Буачидзе шел вдвоем с Нико Кикнадзе, земляком и школьным товарищем.

Рискнули спуститься в долину. У самого Кутаиса из придорожного духана вышел жандарм, окликнул их. Хорошо, что как раз в ту минуту к духану на собственном фаэтоне подкатил старик доктор, знакомый Кикнадзе. Полиция иногда приглашала его на вскрытия, прибегала к его услугам для освидетельствования бродяг, и врач пользовался репутацией благонадежного человека.

Жандарма снова отправили в духан промочить горло. Словоохотливый доктор поделился последними новостями губернский следователь по особо важным делам Сенкевич надеется сделать большую карьеру. Предстоит грандиозный процесс: провозглашение мятежной Квирильско-Белогорской республики, вооруженное нападение и убийство чинов армии и полиции, захват тоннеля, и прочее, и прочее. По каждой статье — смертная казнь!

Ной не стерпел, деликатно поинтересовался, многих ли уже арестовали. Оказалось, что Сенкевич покуда недоволен. Главари куда-то исчезли. Из Тифлиса затребовали опытных филеров, поговаривают, будто прибыл знаменитый сыщик Фукс.

Доктор покатил на фаэтоне дальше. Отошли от духана и Ной с Нико. Внезапно Буачидзе остановился, попросил друга повернуться лицом к белевшей на горизонте громаде Кавказского хребта. Показал:

— Вон она, наша дорога.

Кикнадзе не сразу решился:

— Пропадем там, замерзнем или сорвемся в пропасть с обледенелой тропы — зима, метели, в двух шагах ничего не видно. Если не представляешь, что делается на Главном хребте, вспомни, даже в наших имеретинских горах сейчас никнут к земле лохматые от снега деревья.

Ной настаивал:

— Идем! По крайней мере лишим следователя удовольствия сделать карьеру.

По ущельям добрались до Верхней Рачи. Буачидзе заметно повеселел, пообещал товарищу роскошный ужин, если они прибавят шагу и до темноты успеют в село Никорцминда.

— Я там учительствовал после окончания краткосрочных курсов, — напомнил Самуил, — и организовал первый в Рачинском уезде социал-демократический кружок и первое профессиональное объединение учителей.

Надежды Самуила оправдались. У крестьян удалось достать продукты и теплую одежду. Нашелся и проводник. Правда, он не ручался за успех: кажется, зимой еще никто не ходил за перевал.
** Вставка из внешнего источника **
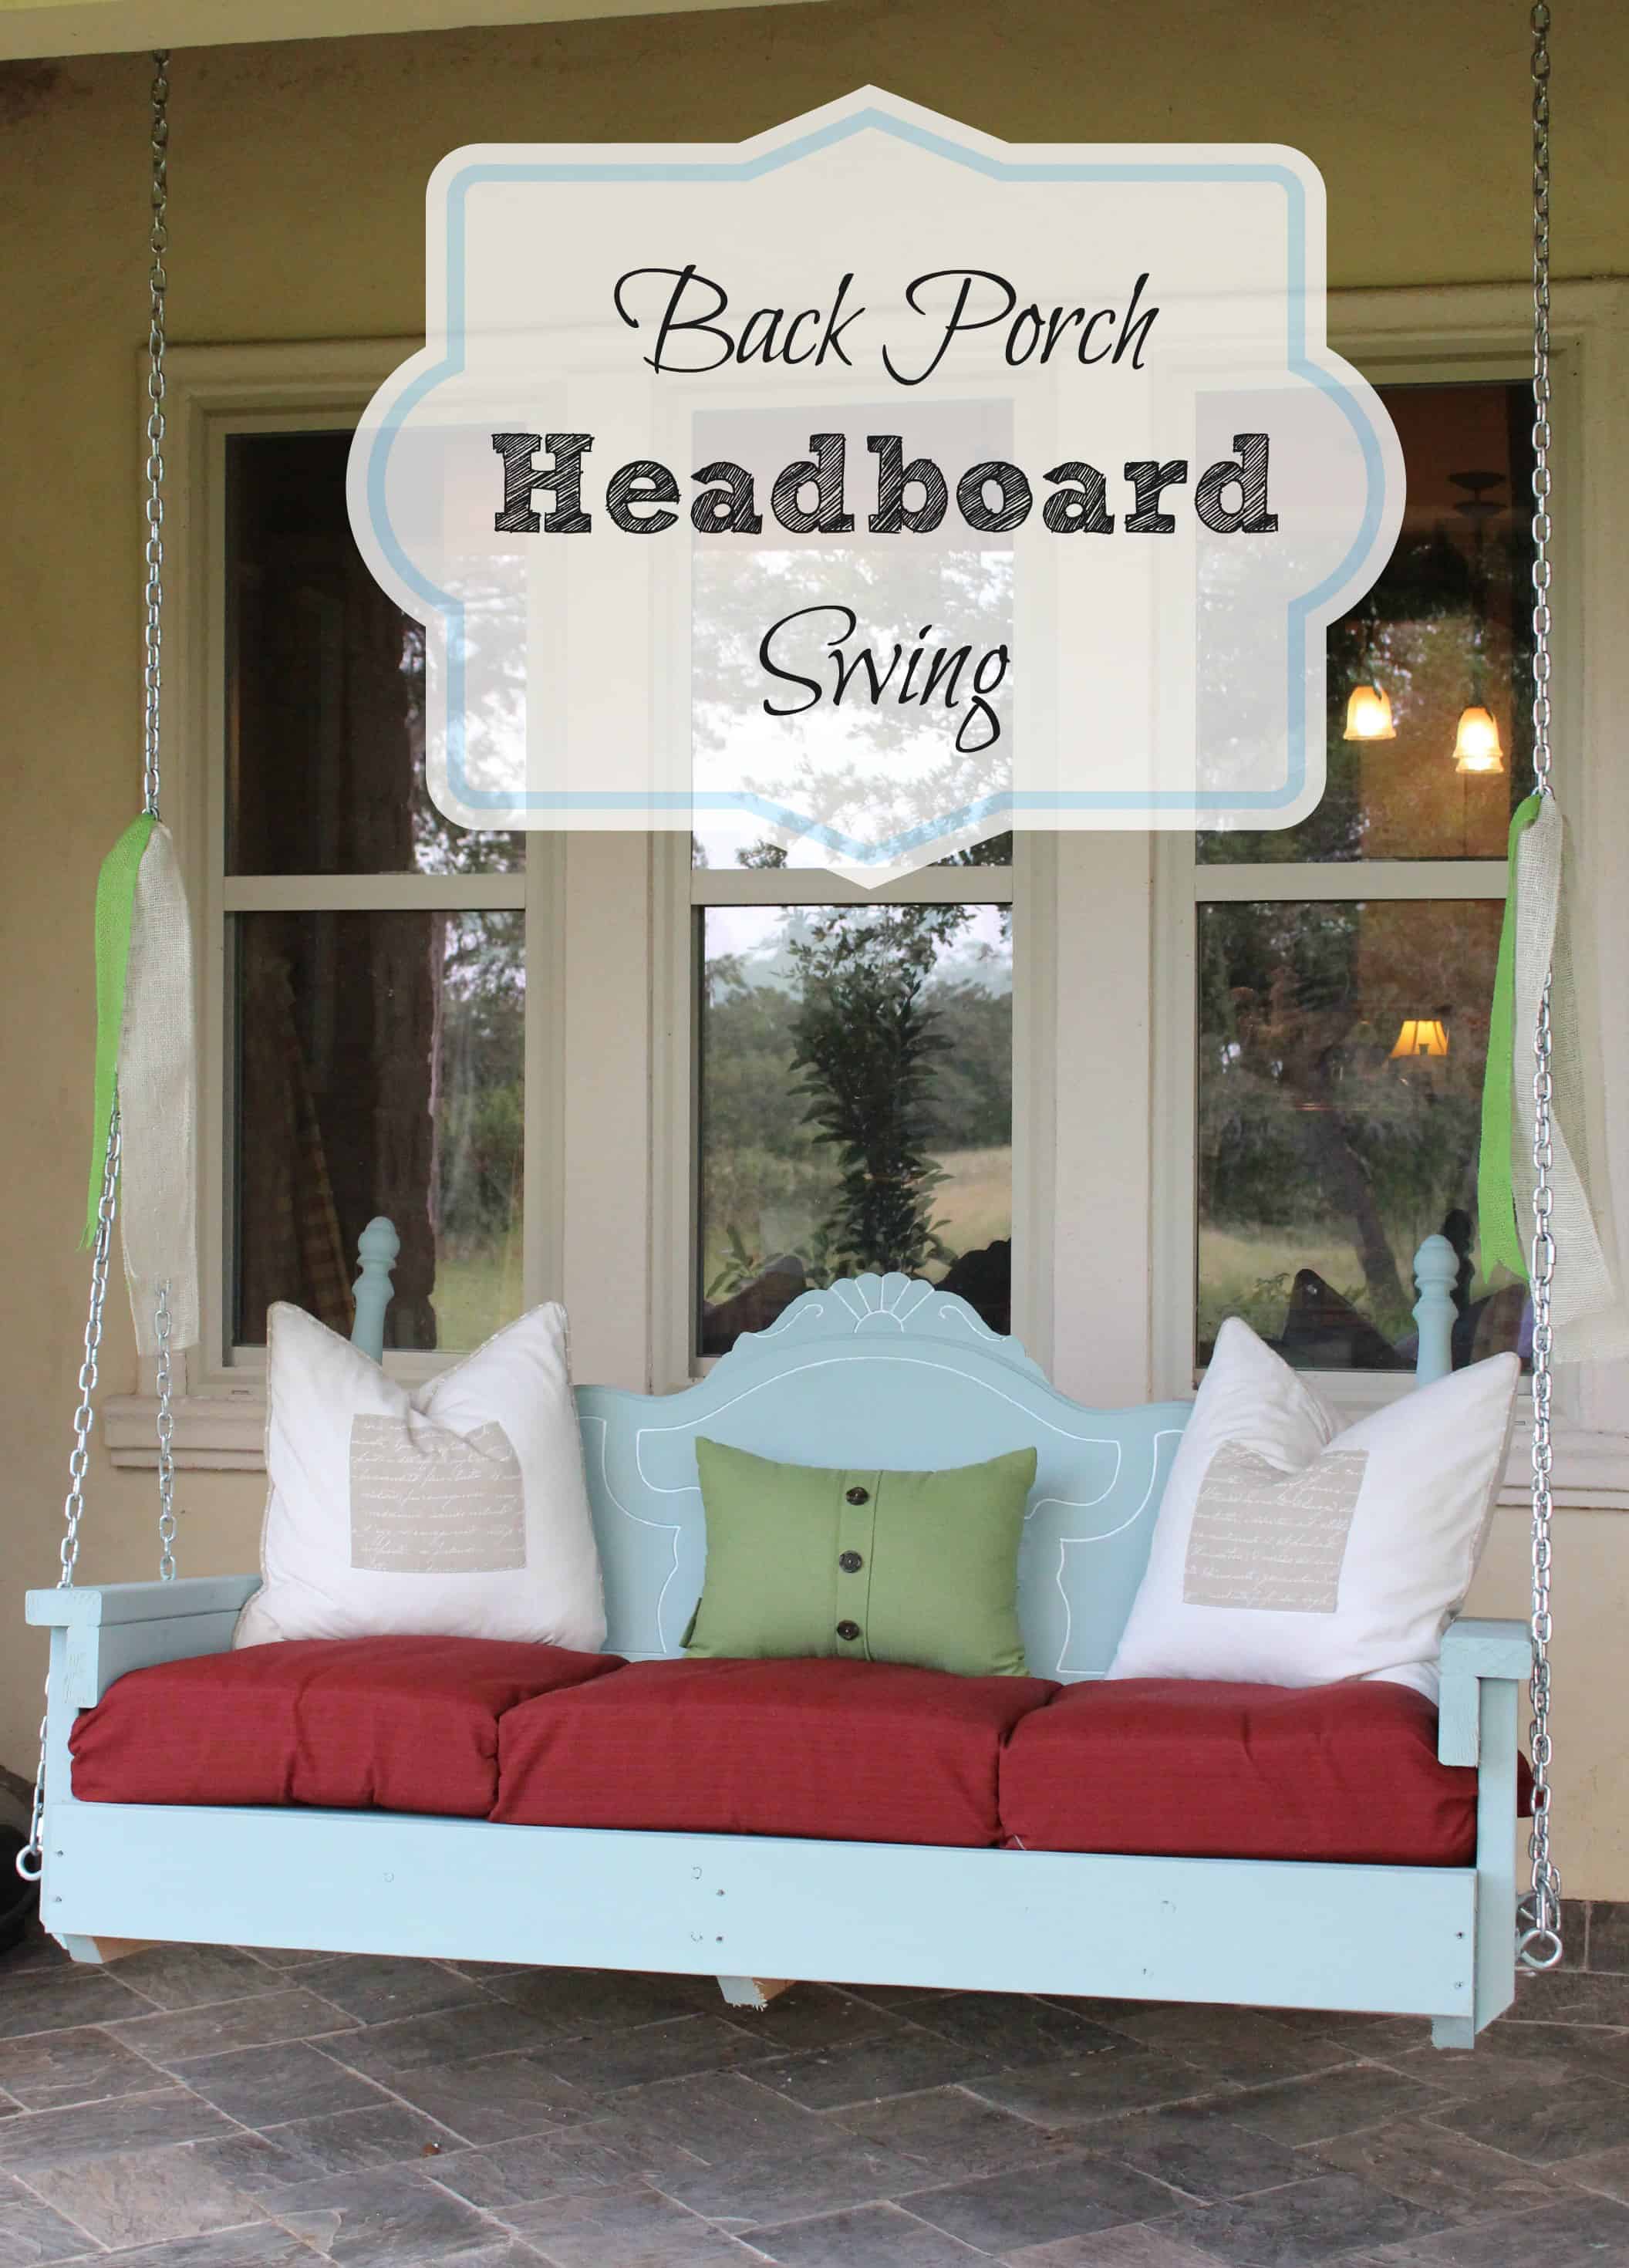 Back porch headboard swing
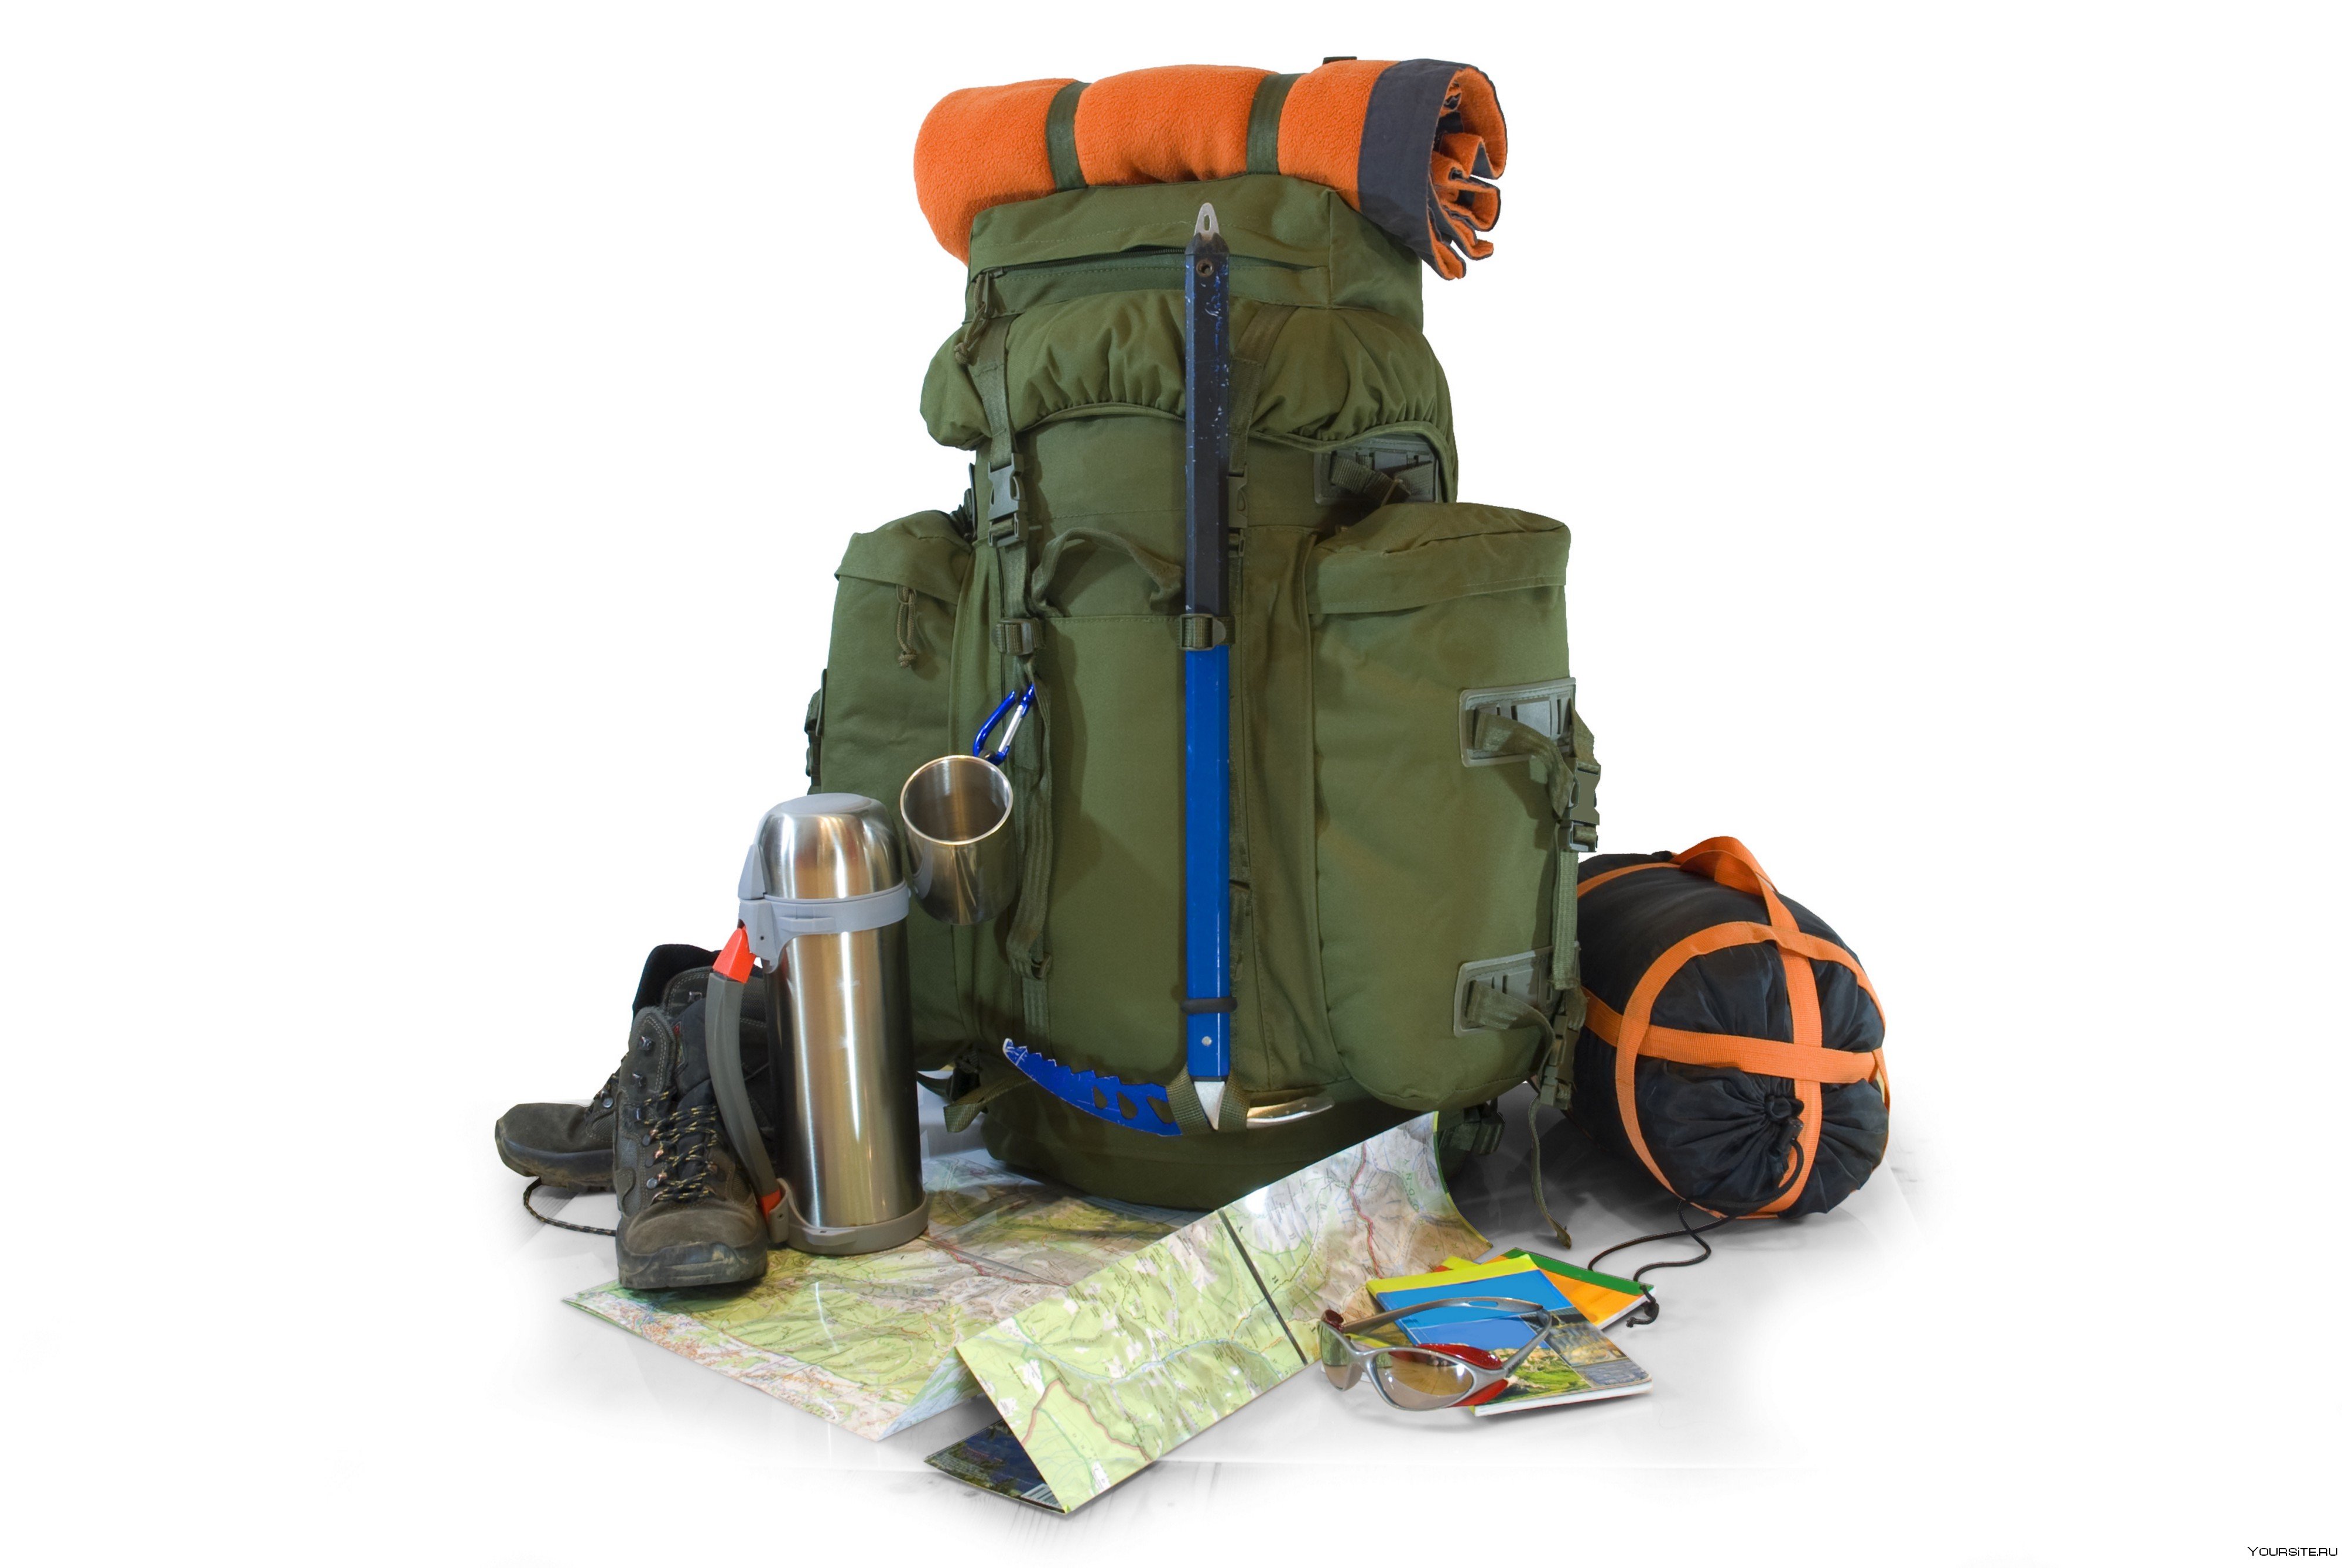 Для туристического похода ребята нужны рюкзаки. Снаряжение для туризма. Снаряжение для туристического похода. Турист с рюкзаком. Снаряжение туриста для похода.

Перед зарей покинули гостеприимное село. Снова — сумрачное ущелье Риона и его всегда беспокойного притока Чанчаха. Над головой нависли тяжелые серо-черные облака. Повалил снег. Где-то в стороне, за дубовыми и буковыми лесами, осталось Шови. До Мамисонского перевала двадцать пять километров. Все выше и выше по водораздельному хребту. Быстро стемнело. Завернулись в бурки, легли, прижавшись друг к другу. Проводник рассказывал: летом здесь очень красиво, природа щедро разбрасывает по альпийским лугам цветы и травы. Даже утренний туман, пронизанный косыми солнечными лучами, приобретает розово-красный оттенок. Высокие травы, колеблемые ветром, напоминают море, подернутое зыбью. Только несравненно ярче их краски…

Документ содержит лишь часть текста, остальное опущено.